The KIM-1 automatically resets itself at the end of a successful transmission; a transmission with an error will just hang. It also politely ignored the Q character we typed when the recorder was on, which is nice because then we don't need to edit that out. I checked a couple of bytes we munged and they look good. We'll start it by pressing G in the monitor (it doesn't make any difference to run it from $0002).

Viewing the LEDs upside down, our super secret message is revealed, proving the program was loaded successfully. Bubble memory rides again!

Now, let's do something about that unholy waste of space. Like every other storage medium, bubble memory is most space-efficient when you use its native page size. The user's manual doesn't really explain this, but both the systems manual and the maintenance manual agree you should use a multiple of its 18-byte page size for your record size wherever possible. (This is particularly interesting because the 80-character-line maximum isn't an integer multiple of 18. The manual admits that 80 character lines actually waste 10 characters each! Obviously the punched card mafia prevailed despite that.) What appears to have happened is that by using a one-byte record, every single byte ended up taking up a 18-byte page all to itself.

A quick CATALOG will tell us that the original file reserved 128 "one-byte records" of which it only used 85, so it must be 85 bytes long. We'll thus create a new file with 5 18-byte records to equal 90 bytes.

▹̶ CREATE HELLO2 C 5 18
DONE

▹̶ CATALOG                    MEMORY CATALOG

                NAME   TYPE   MAXIMUM  CHARS/  COMPLETE
                              RECORDS  RECORD  RECORDS

               HELLOO  CONT     128       1      85
               HELLO2  CONT       5      18       0

               MEMORY AVAIL =  223  80-CHAR LINES
               RECORD FILE:   HELLOO
               PLAYBACK FILE: HELLOO
DONE

Notice that despite creating a 90-byte file, we only used one "80-char line" (because that 80-character line actually takes up 90 characters). Very efficient!

The best news is that we don't need to recreate the file: we can just COPY HELLOO TO HELLO2 and the 763 will sort out spanning the records.
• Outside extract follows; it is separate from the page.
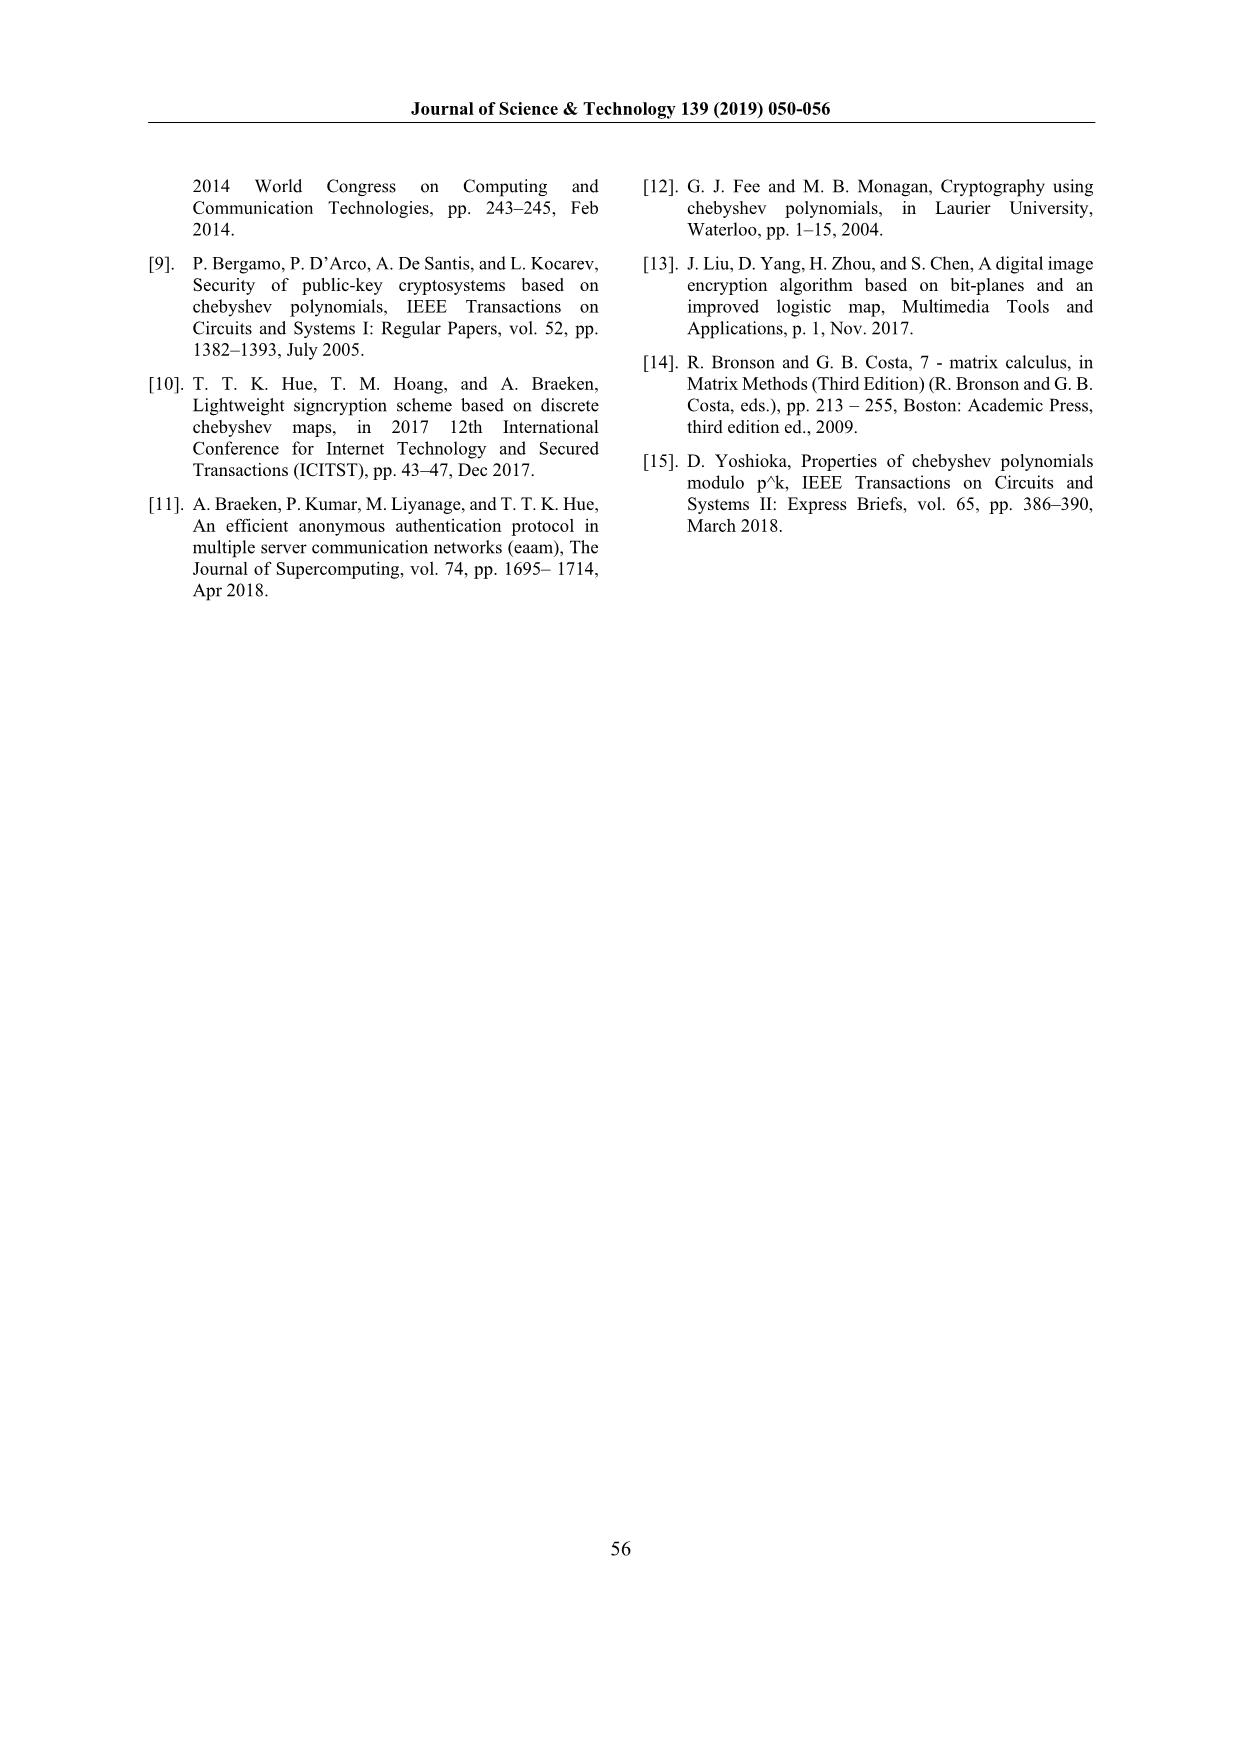 Hybrid - Key agreement protocol based on chebyshev polynomials trang 7

As a check we'll then display the file and any control characters, which looks like this (here we will use Unicode for the nulls, even though the 763 renders it like NU):

▹̶ COPY HELLOO TO HELLO2

DONE

▹̶ COPY HELLO2 TO PRINTER CTRL
Q
␀␀␀␀␀␀;180000A93485F9A97785FAA90085FB201F1F4C0000507A586941690A1A
␀␀␀␀␀␀;0000010001
DONE

The end-of-lines don't show up; the 763 internally stores those. Also notice my typo when I was entering the CHANGE PLAYBACK command. As you type a line, the ←CHAR→ key is active. It moves the carriage back one and advances the paper if needed so that the carriage is under the character you intend to replace, sort of like a backspace without actually erasing anything (because it's already printed out, silly).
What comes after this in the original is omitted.